▶ **THE TASK**
Retype only what runs from the beginning of the data through the line with "A snowman shaped"; please omit the pictures and keep every line exact.

▶ **Stored data entries**
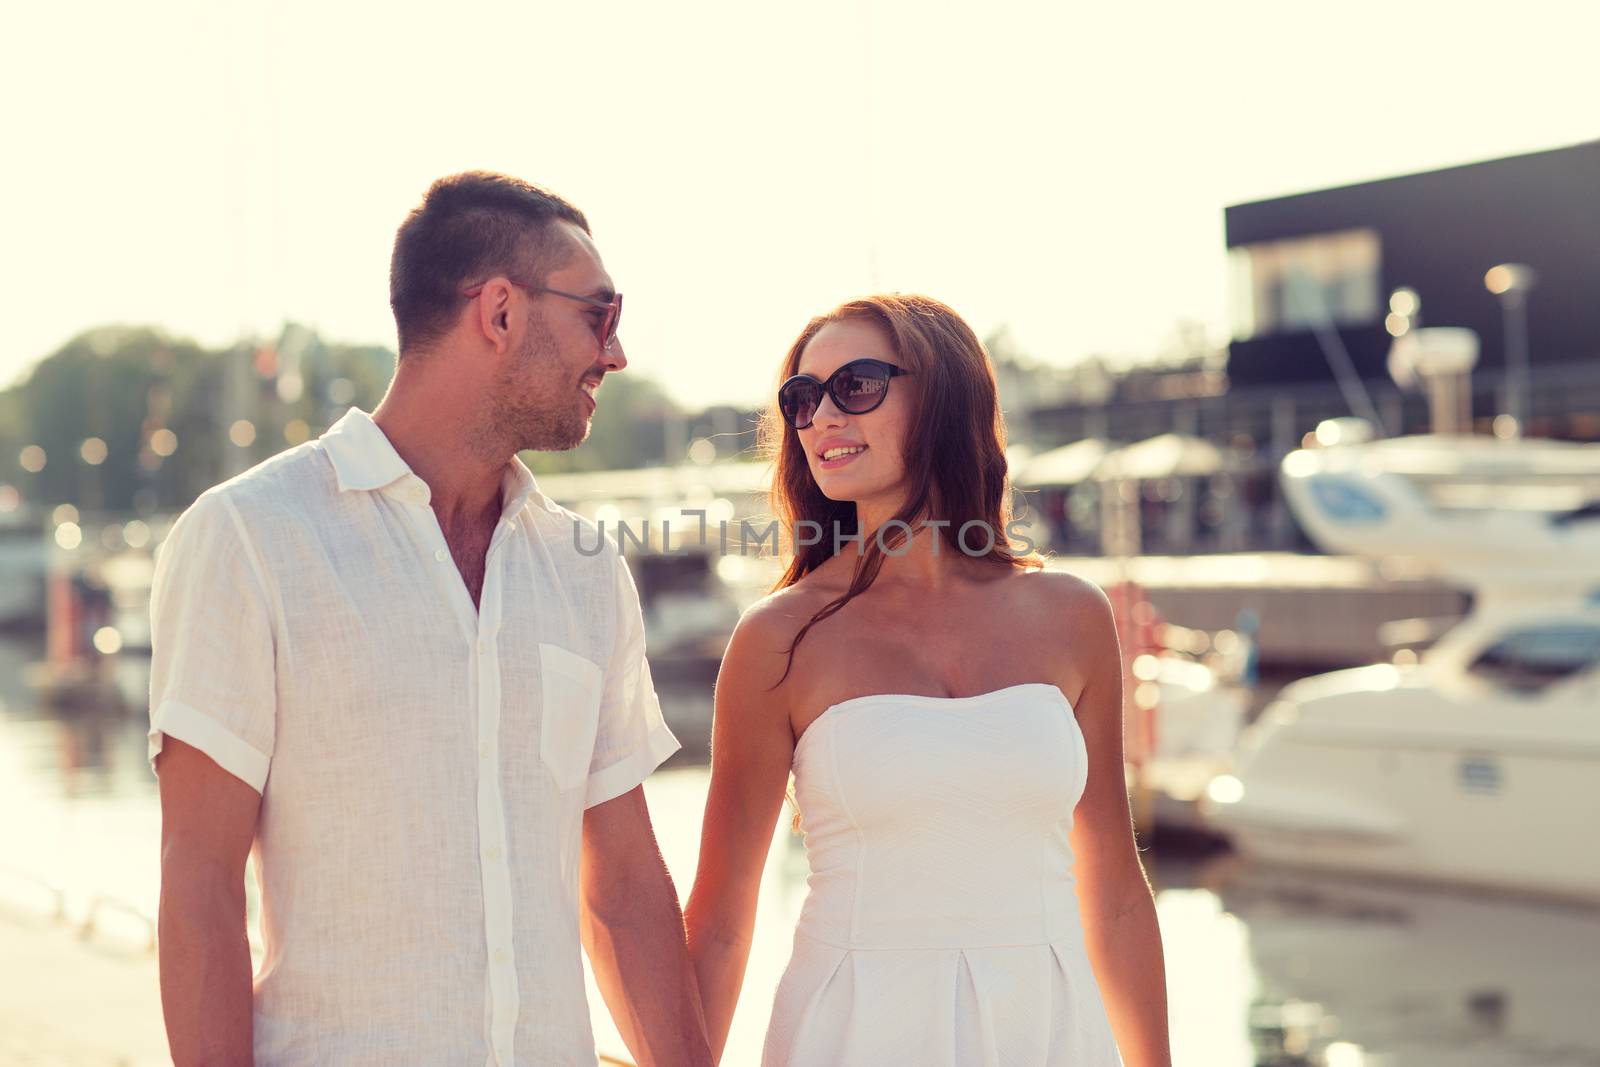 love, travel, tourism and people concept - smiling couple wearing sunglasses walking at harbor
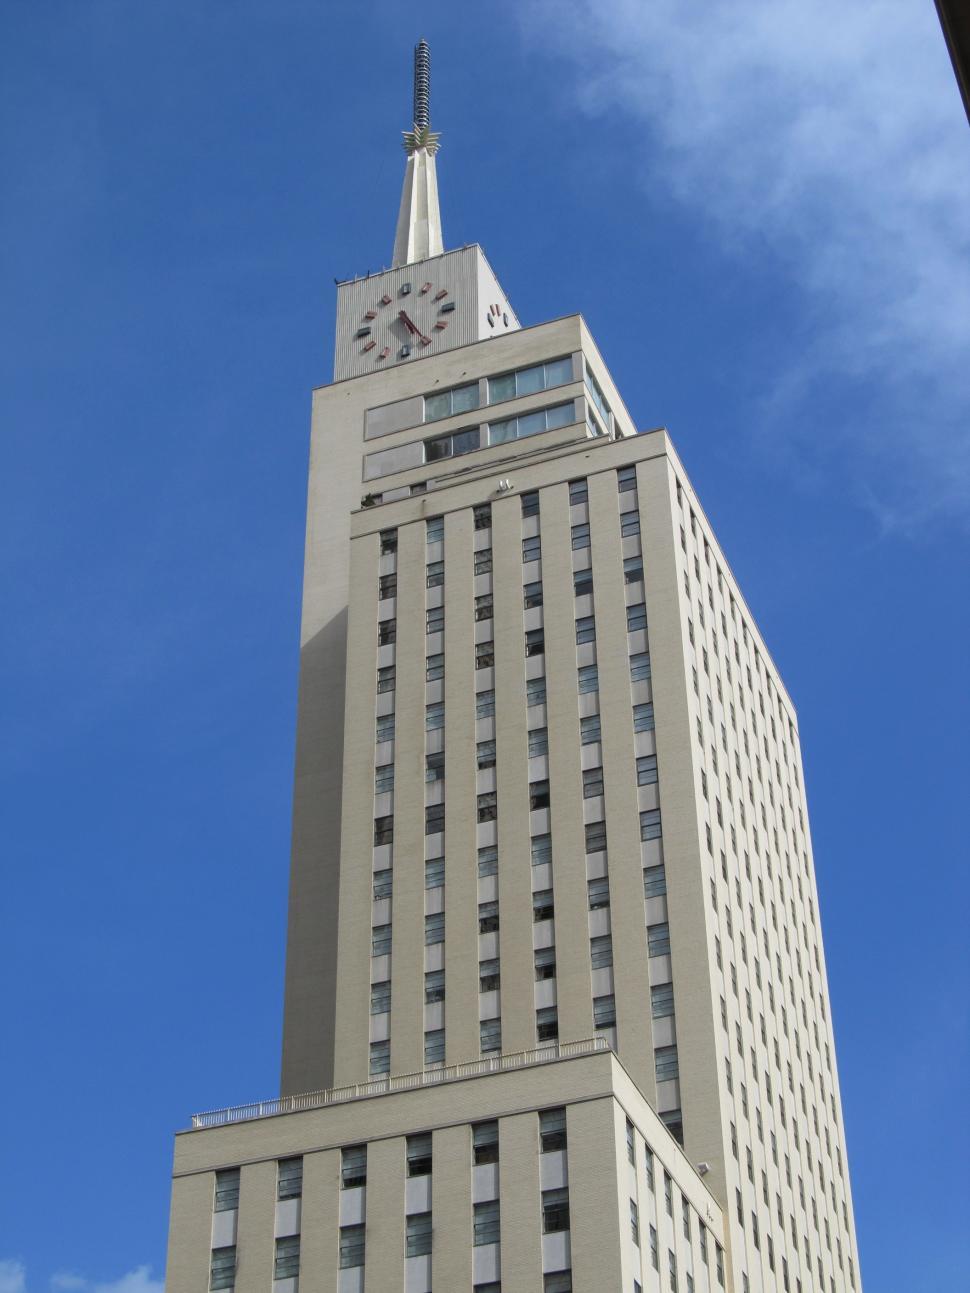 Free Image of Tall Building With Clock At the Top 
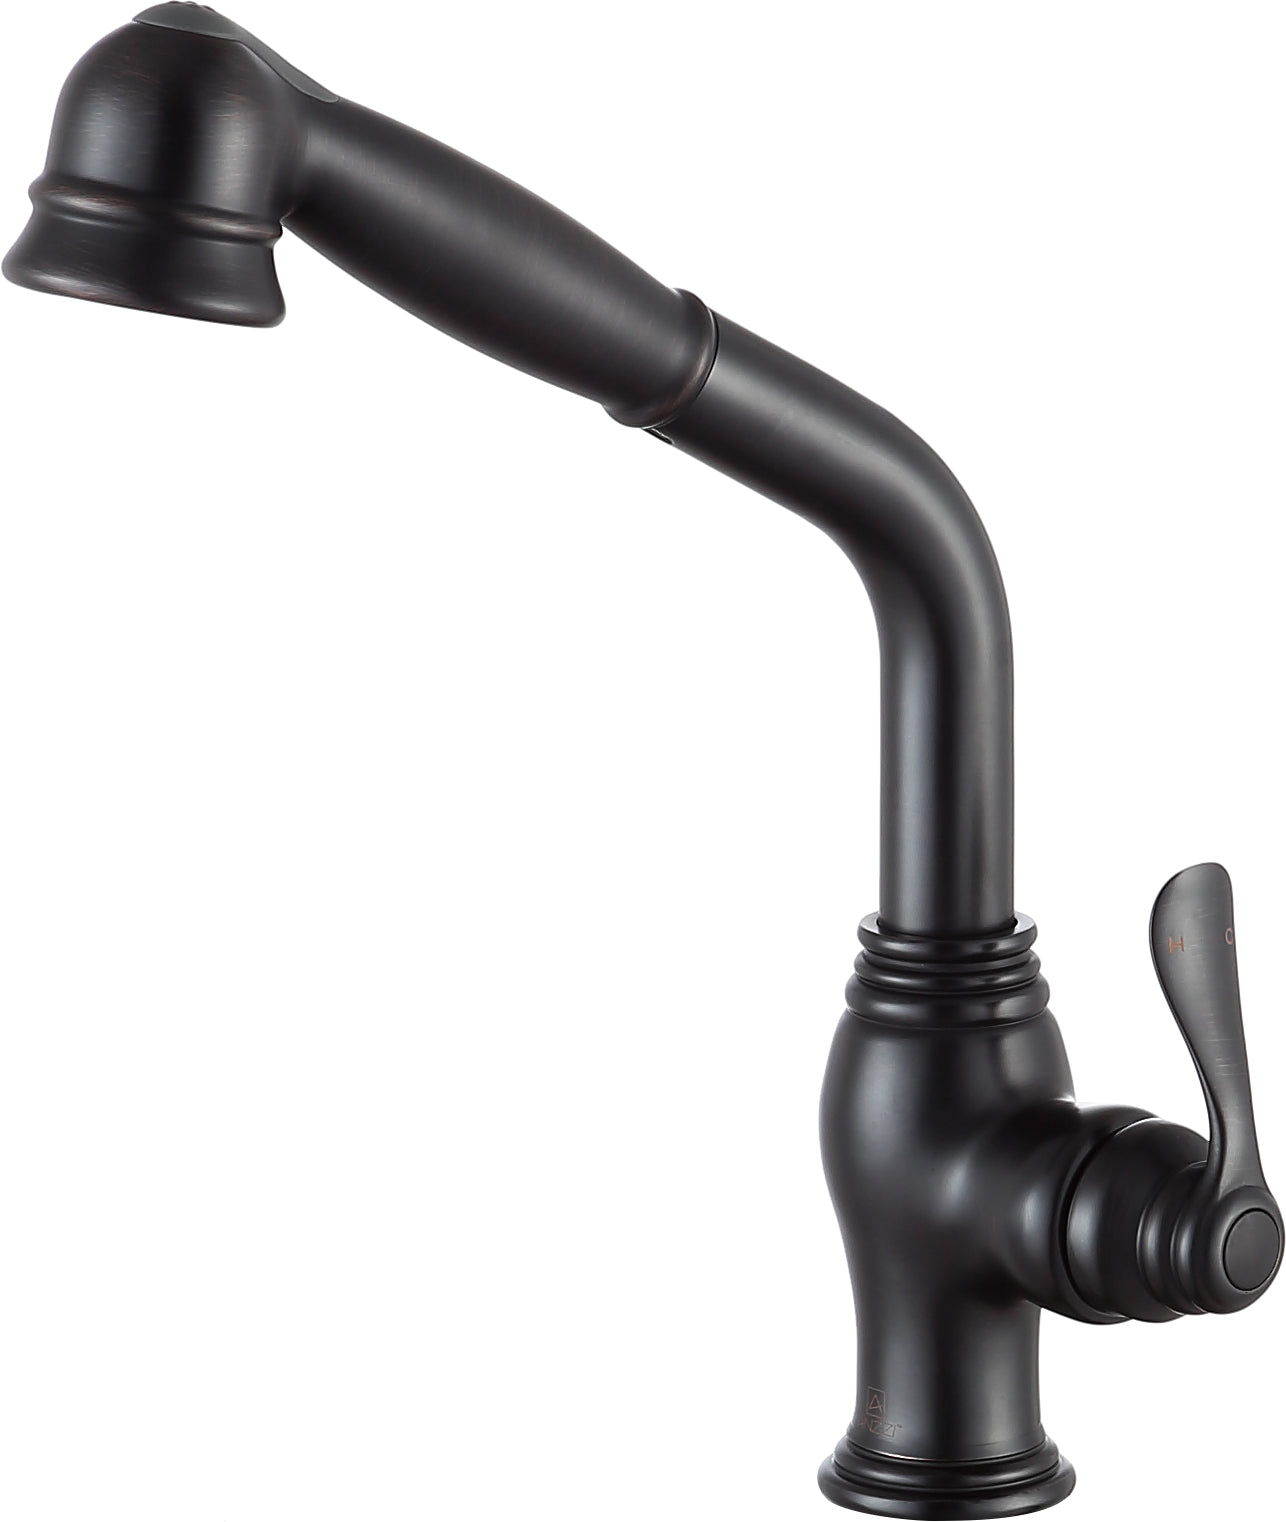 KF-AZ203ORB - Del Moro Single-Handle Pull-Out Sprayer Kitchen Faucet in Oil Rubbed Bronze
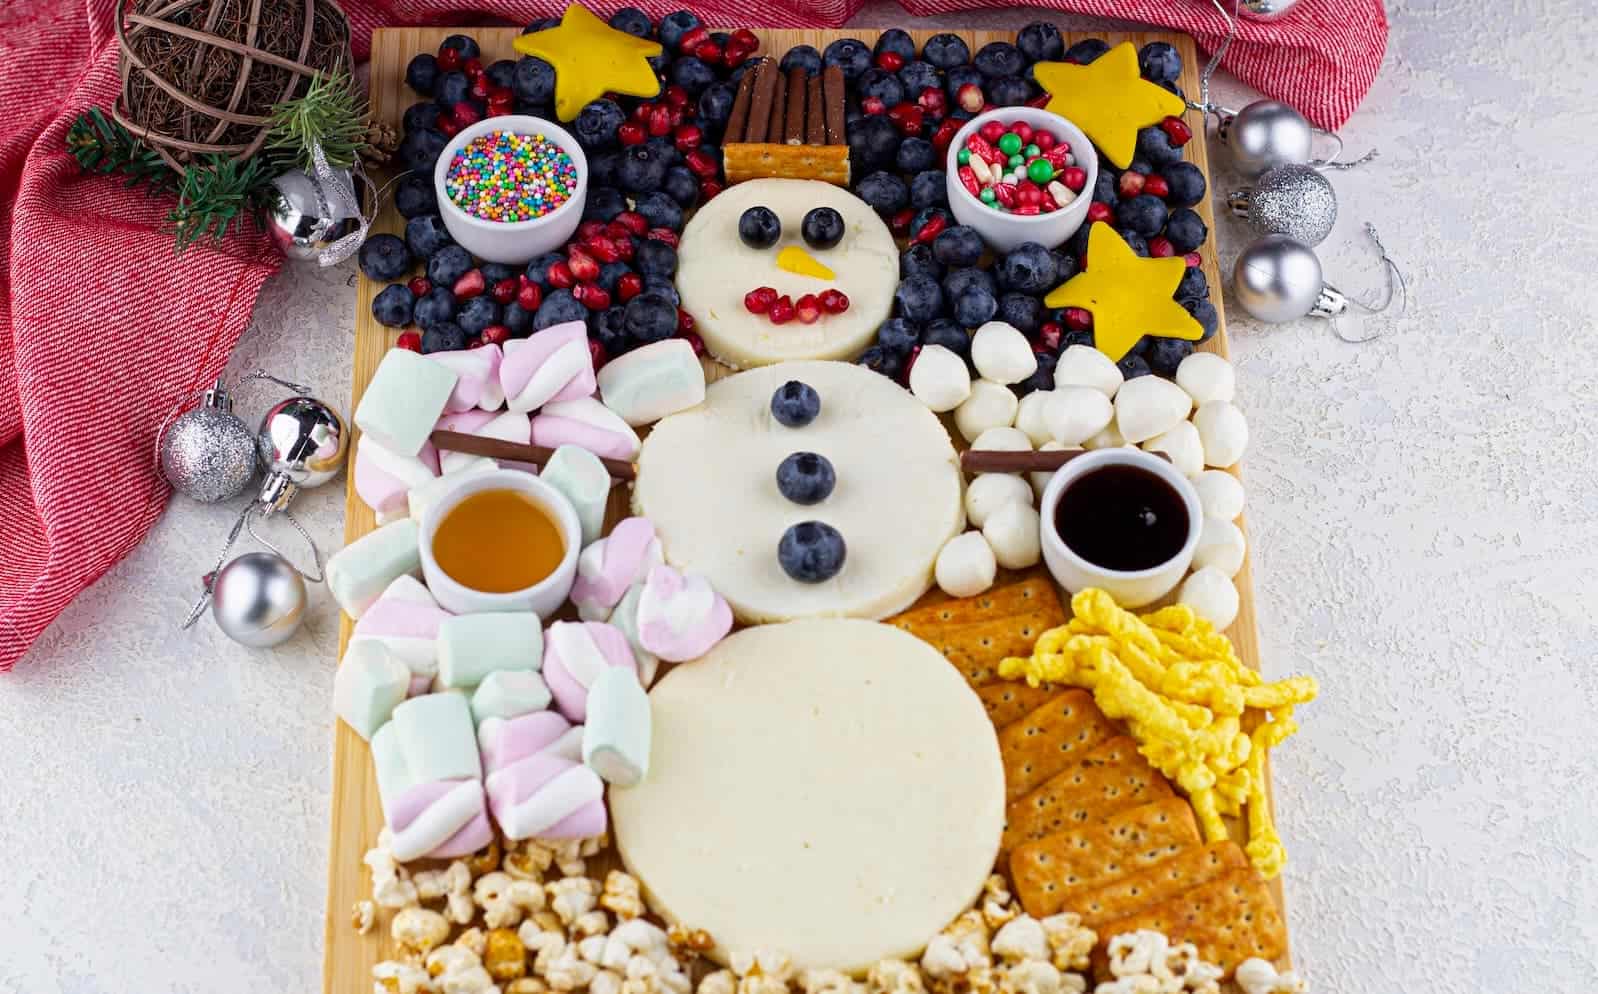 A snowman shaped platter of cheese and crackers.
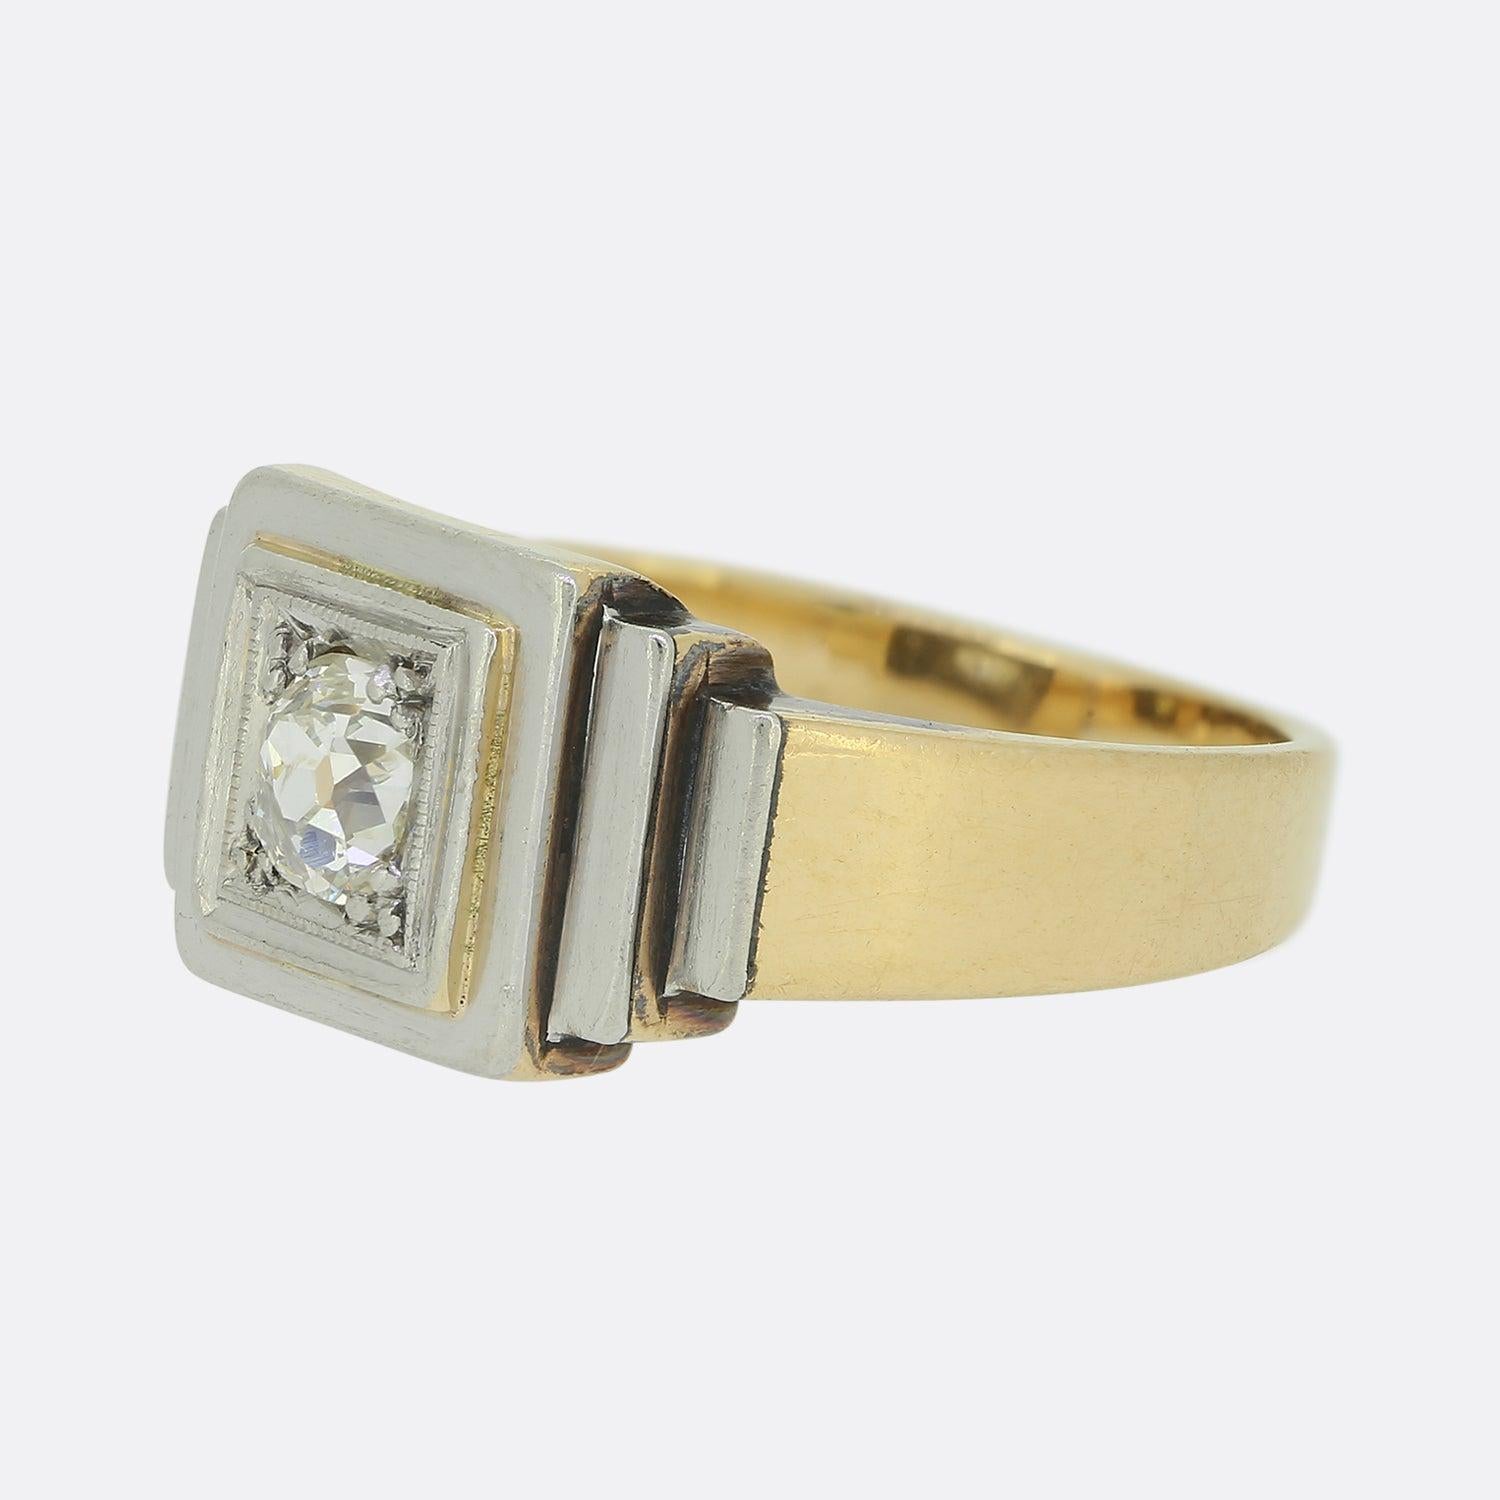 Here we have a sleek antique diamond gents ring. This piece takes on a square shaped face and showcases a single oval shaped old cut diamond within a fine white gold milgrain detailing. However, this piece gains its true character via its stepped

▶ **RESPONSE TO THIS EXERCISE**
 love, travel, tourism and people concept - smiling couple wearing sunglasses walking at harbor
 Free Image of Tall Building With Clock At the Top 
 KF-AZ203ORB - Del Moro Single-Handle Pull-Out Sprayer Kitchen Faucet in Oil Rubbed Bronze
 A snowman shaped platter of cheese and crackers.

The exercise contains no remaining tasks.